YOUR INSTRUCTIONS: The expected answer is the full listing, repeated exactly and free of images.
Top of DATA EXCERPT
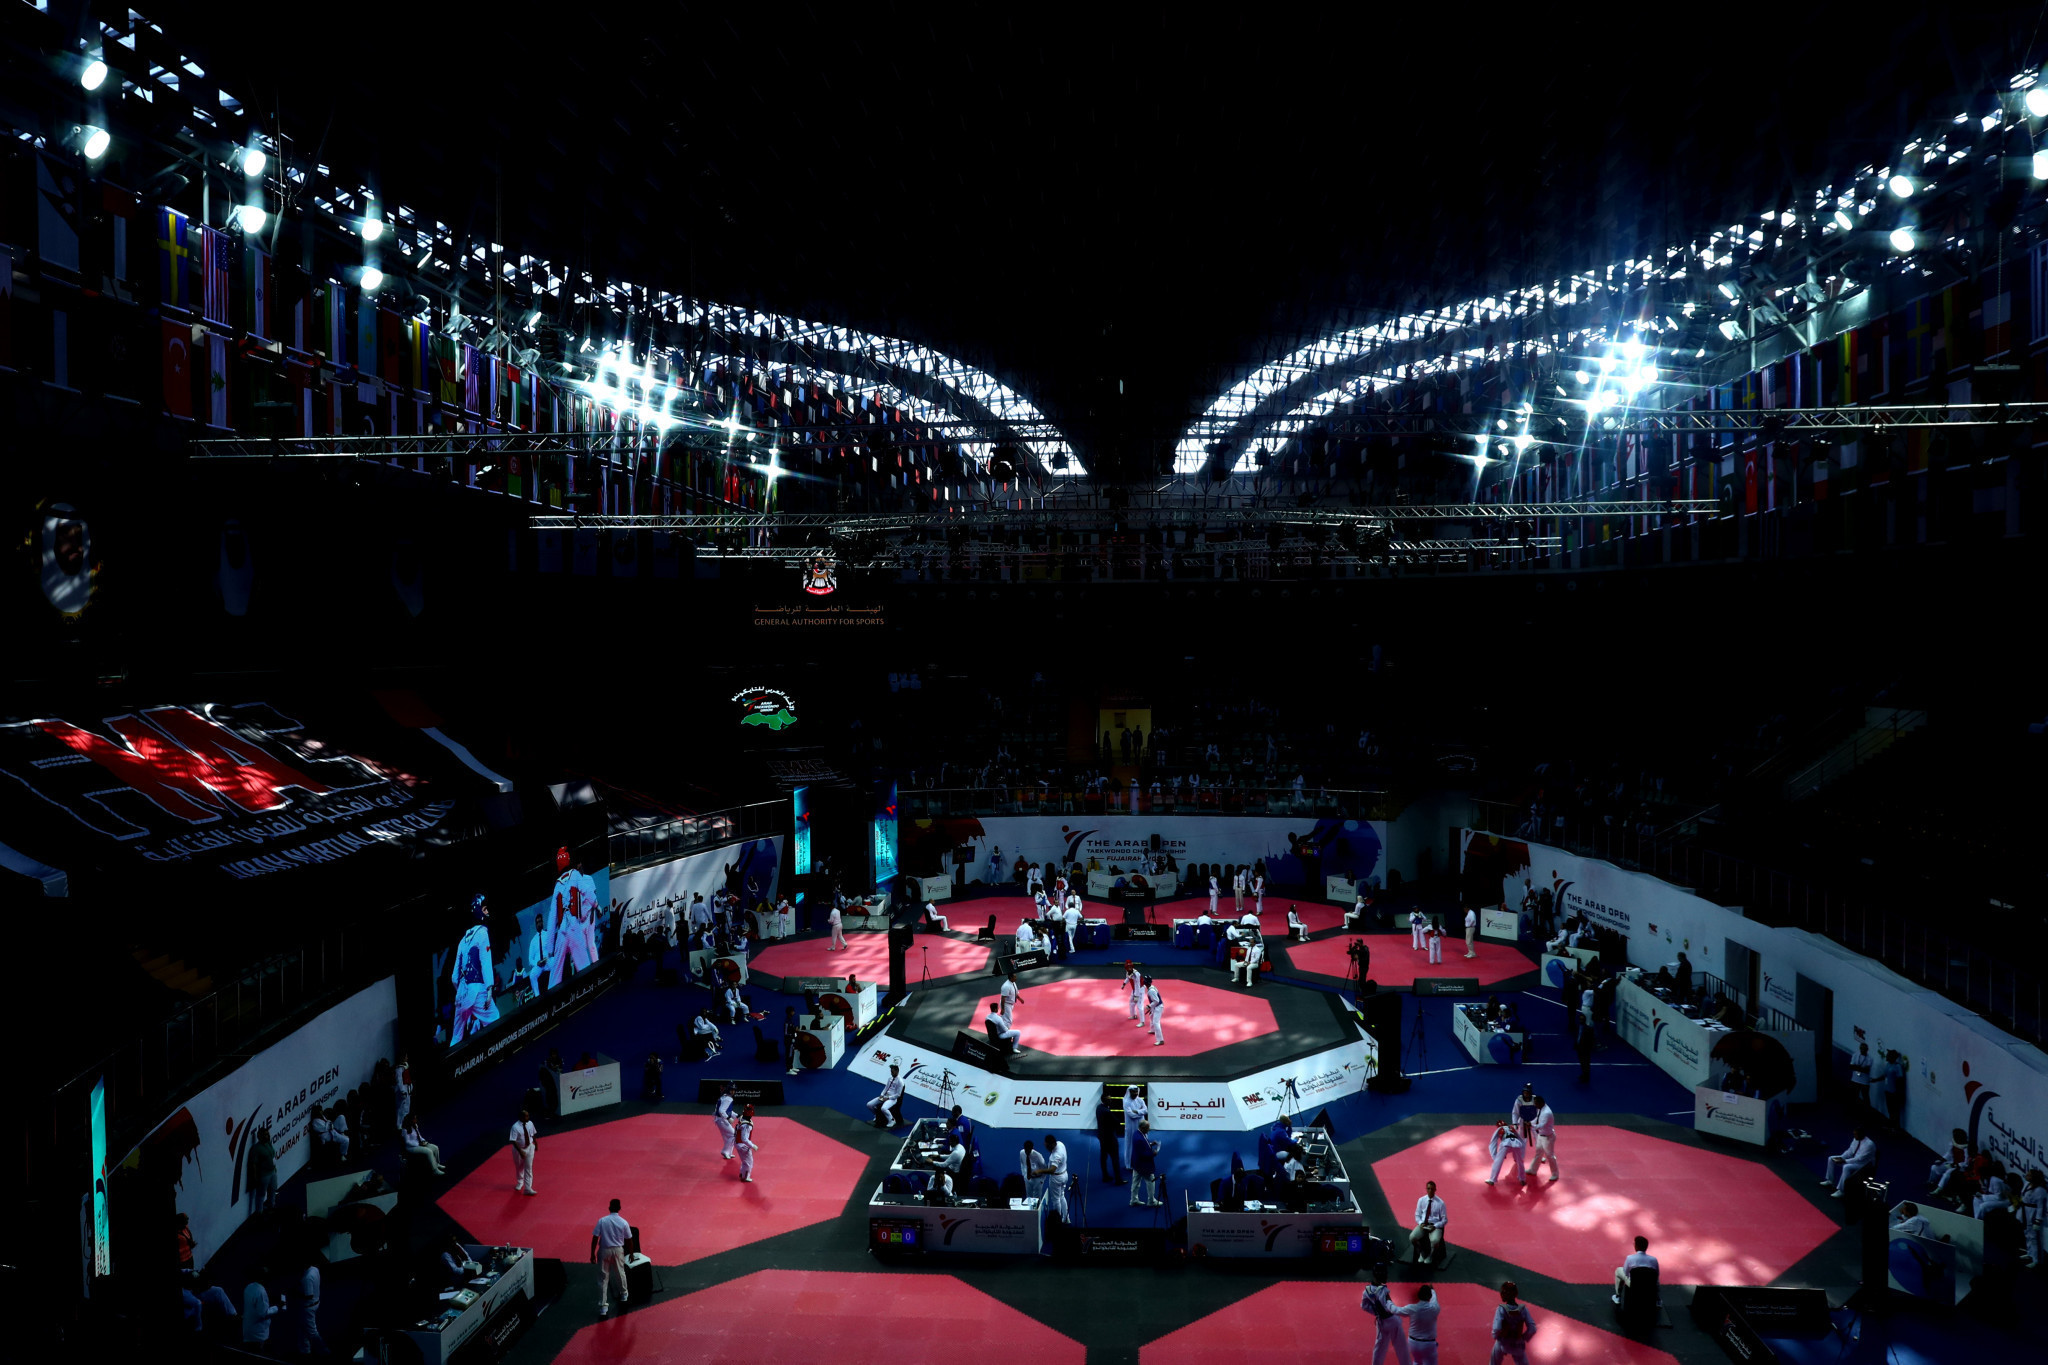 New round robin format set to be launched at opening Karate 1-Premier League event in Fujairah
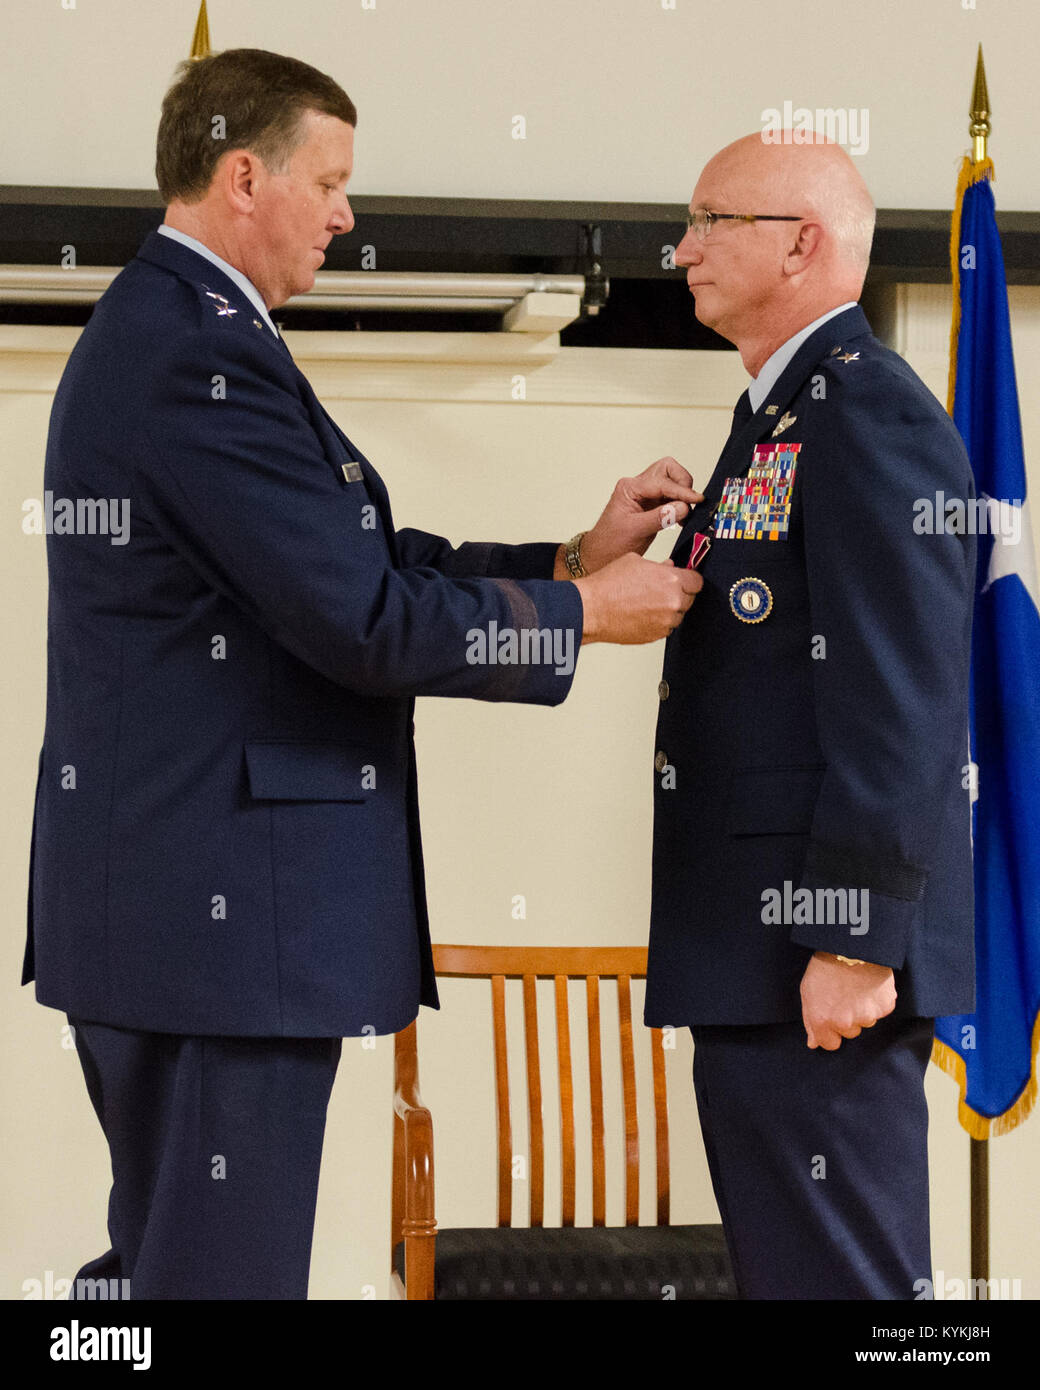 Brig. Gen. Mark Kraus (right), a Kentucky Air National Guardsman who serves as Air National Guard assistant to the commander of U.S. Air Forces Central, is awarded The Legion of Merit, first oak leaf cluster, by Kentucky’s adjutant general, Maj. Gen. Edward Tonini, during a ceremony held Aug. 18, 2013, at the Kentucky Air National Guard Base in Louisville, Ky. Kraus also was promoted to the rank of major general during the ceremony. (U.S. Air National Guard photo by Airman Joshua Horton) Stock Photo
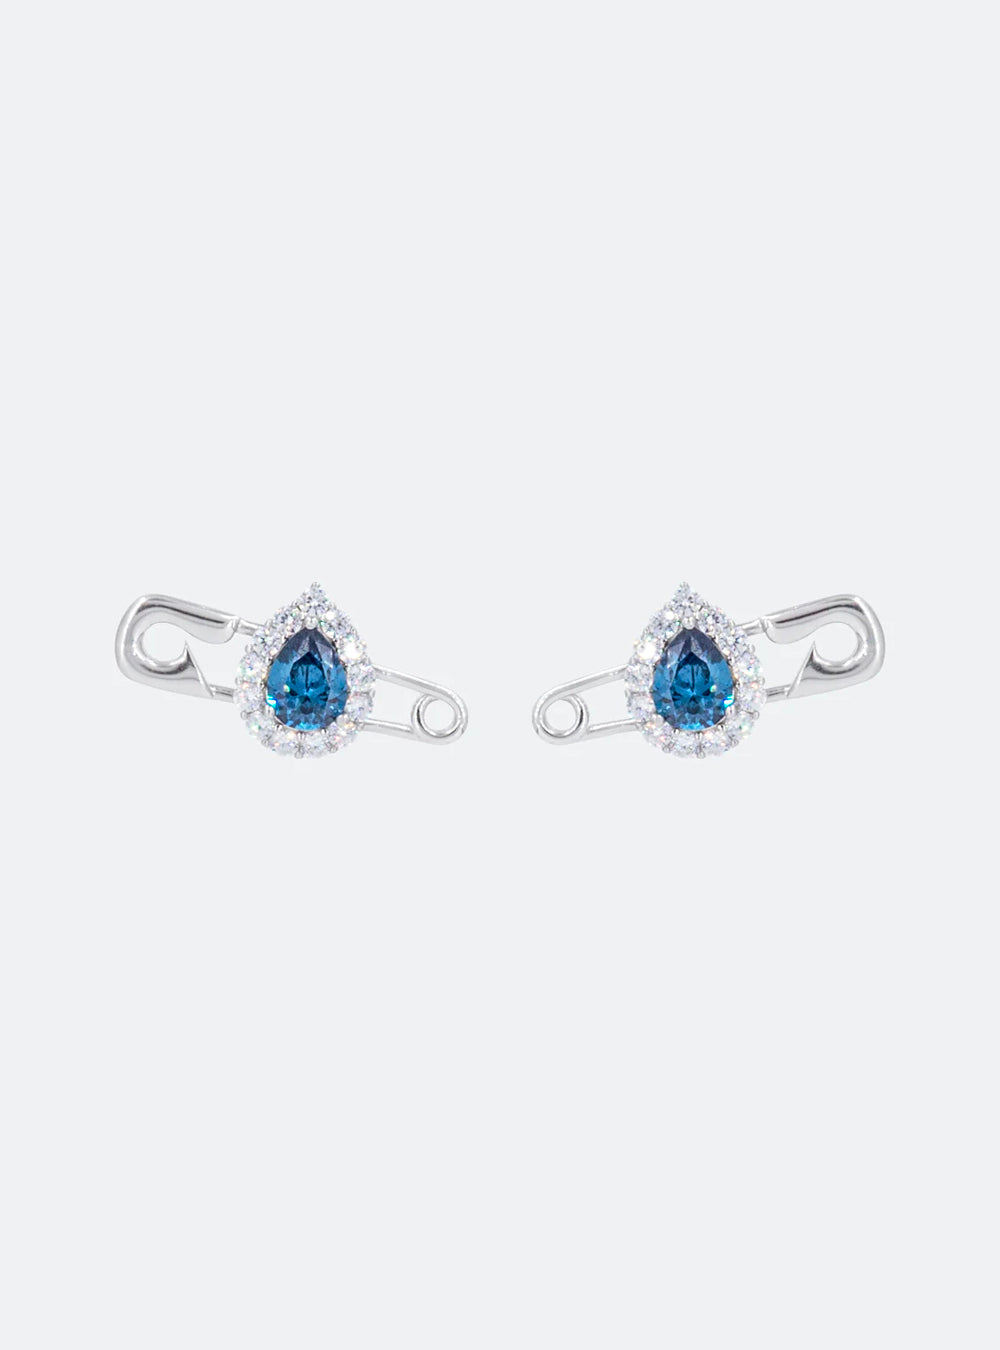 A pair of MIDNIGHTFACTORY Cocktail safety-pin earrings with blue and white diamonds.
Bottom of DATA EXCERPT
TASK RESULT:
 New round robin format set to be launched at opening Karate 1-Premier League event in Fujairah
 Brig. Gen. Mark Kraus (right), a Kentucky Air National Guardsman who serves as Air National Guard assistant to the commander of U.S. Air Forces Central, is awarded The Legion of Merit, first oak leaf cluster, by Kentucky’s adjutant general, Maj. Gen. Edward Tonini, during a ceremony held Aug. 18, 2013, at the Kentucky Air National Guard Base in Louisville, Ky. Kraus also was promoted to the rank of major general during the ceremony. (U.S. Air National Guard photo by Airman Joshua Horton) Stock Photo
 A pair of MIDNIGHTFACTORY Cocktail safety-pin earrings with blue and white diamonds.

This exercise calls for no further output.